The site was used to store inconsequential files and images, but I cancelled my subscription nonetheless because the company’s response to my password reset request proved that they were storing my password without even making the weakest attempts at encrypting the information or storing it in a protected format.

Sadly, this practice appears to be quite common, particularly among low-cost hosting providers. I confronted the company, Hosting Metro, about its practices, but received no material response to my complaints aside from an automated “sorry to see you go” email.

I also submitted a redacted screen shot of the password reset email to plaintextoffenders.com, a site that regularly posts user-submitted images of password reset emails from companies that exhibit a complete lack of regard for customer password security. I would encourage all readers to do the same for any site that sends passwords in the clear.

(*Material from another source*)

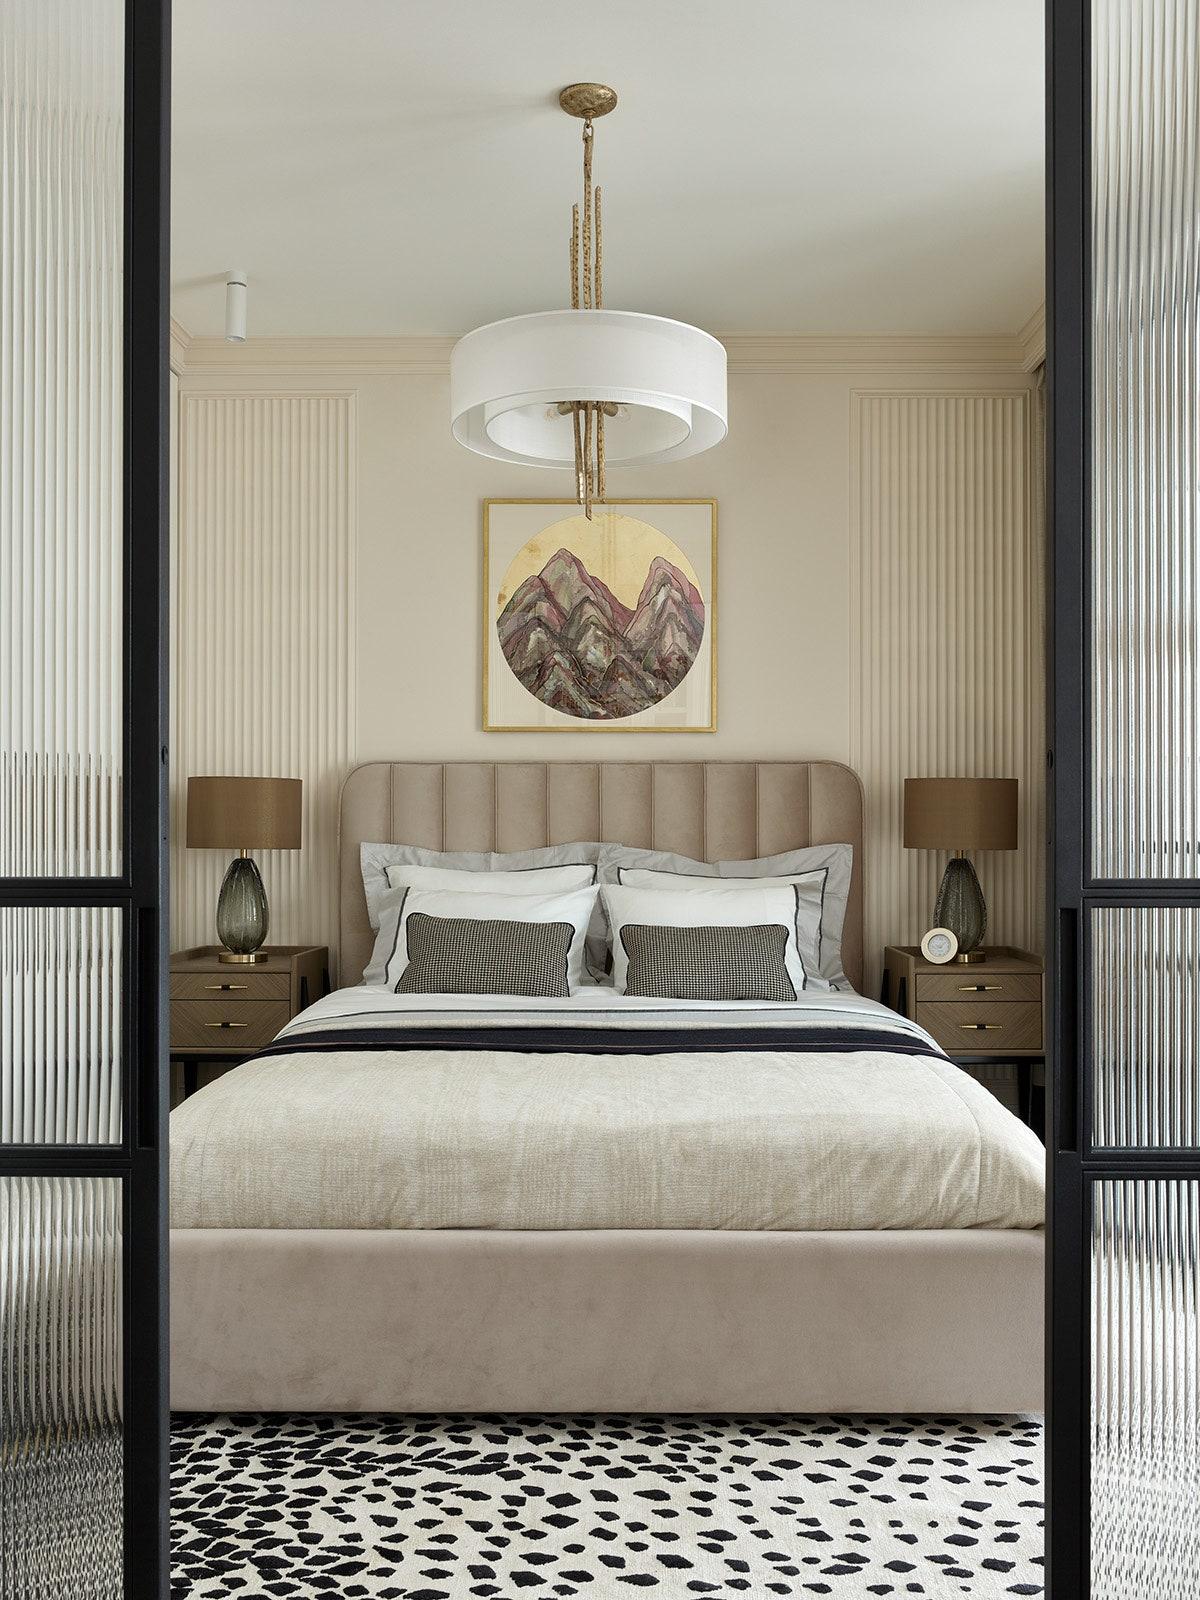 .  Lavsit  Rooma Design  Hinkley     .   Amalia Home Collection     Enere  Art de Vivre  Odadecor   Make Loft.

Like many previous visitors to plaintextoffenders.com, I was surprised to see that the site’s search function does not work. The administrators of the forum seem to be aware of this, and have noted that visitors can search by company name via Google, by using the search convention “site:plaintextoffenders.com” followed by a Web site or company name. I would welcome the development of a browser plugin that uses a database of offending sites to warn users when they visit a site that practices unforgivably sloppy password security. Naming and shaming may be the only way to change this all-too-common practice.